14 March 2023
HW Koch, M Larsen, H Bartsch, KD Kurz, S Hofvind
Artifcial intelligence in BreastScreen Norway: a retrospective analysis of a cancer‑enriched sample including 1254 breast cancer cases
To compare results of selected performance measures in mammographic screening for Transpara versus independent double reading by radiologists.
Materials and Methods
In this retrospective study, we analyzed data from 949 screen-detected breast cancers, 305 interval cancers, and 13,646 negative examinations performed in BreastScreen Norway during the period from 2010 to 2018. Transpara scored the examinations from 1 to 10, based on the risk of malignancy. Results from Transpara were compared to screening results after independent double reading. A Transpara score of 10 was set as the threshold. The results were stratified by mammographic density.
A total of 92.7% of the screen-detected and 40.0% of the interval cancers had a Transpara score of 10. Among women with a negative screening outcome, 9.1% had a Transpara score of 10. For women with the highest breast density, Transpara scored 100% of the screen-detected cancers and 48.6% of the interval cancers with a Transpara score of 10, which resulted in a sensitivity of 80.9% for women with the highest breast density for Transpara, compared to 62.8% for independent double reading.
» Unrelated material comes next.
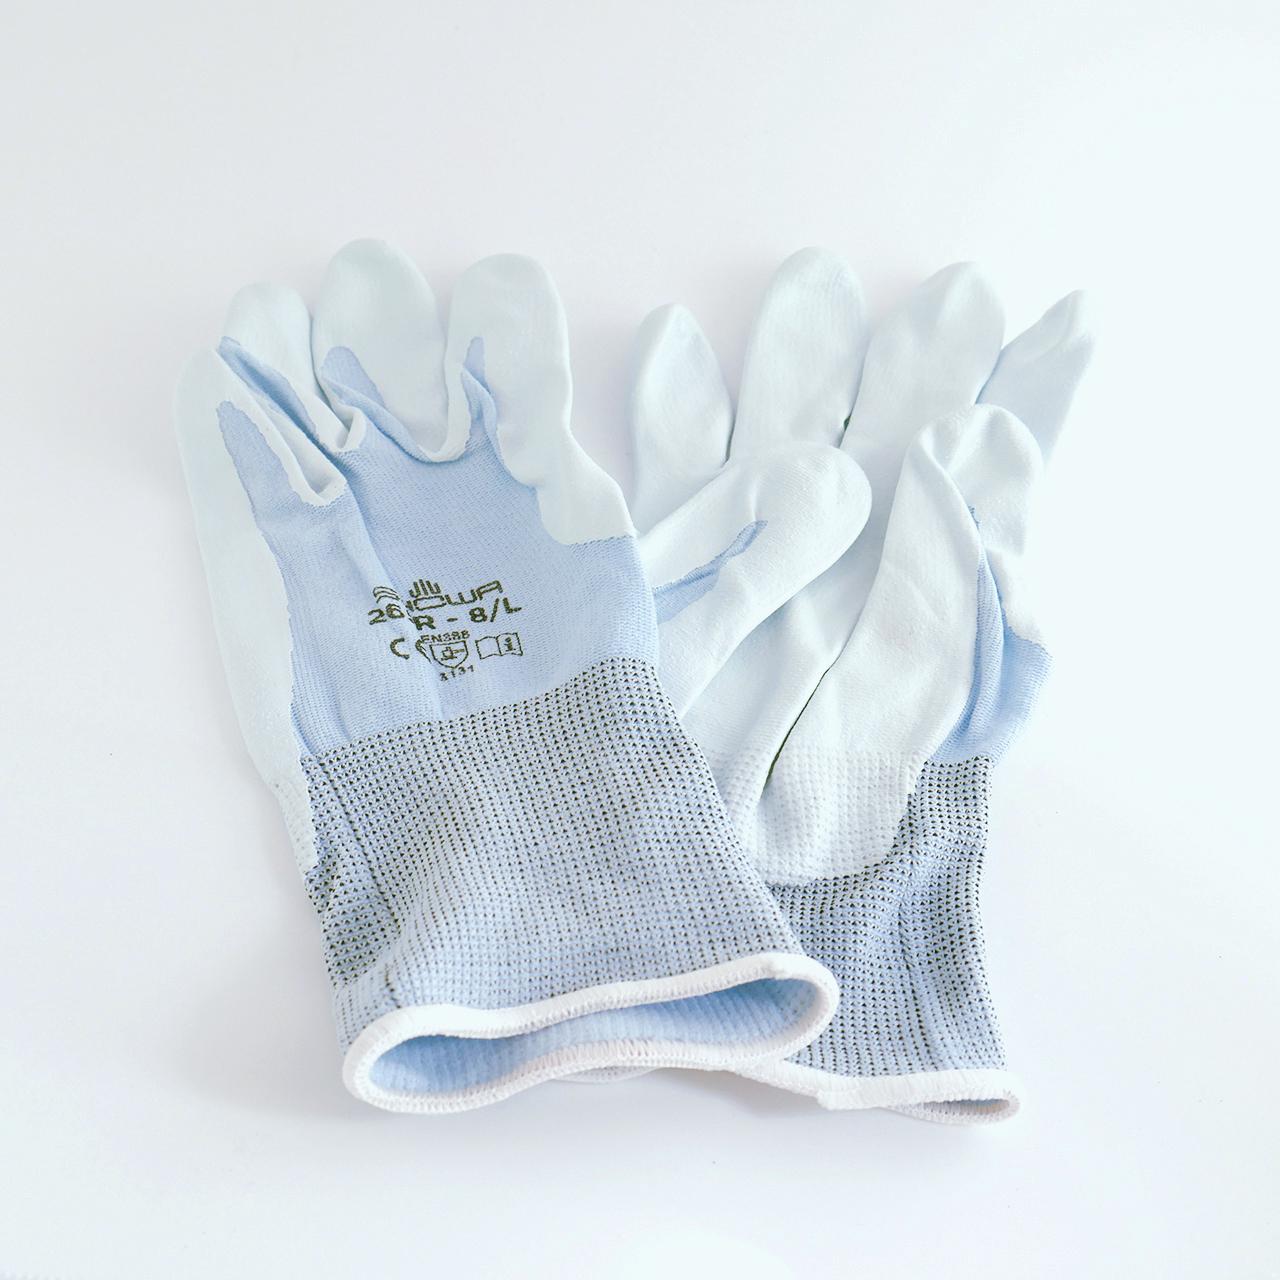 Schutzhandschuhe für Glas G 8/L

For women with screen-detected cancers who had prior mammograms available, 41.9% had a Transpara score of 10 at the prior screening round.
The high proportion of cancers with a Transpara score of 10 indicates the promising performance of Transpara, particularly for women with dense breasts. Results on prior mammograms with a Transpara score of 10 illustrate the potential for earlier detection of breast cancers by using AI in screen-reading.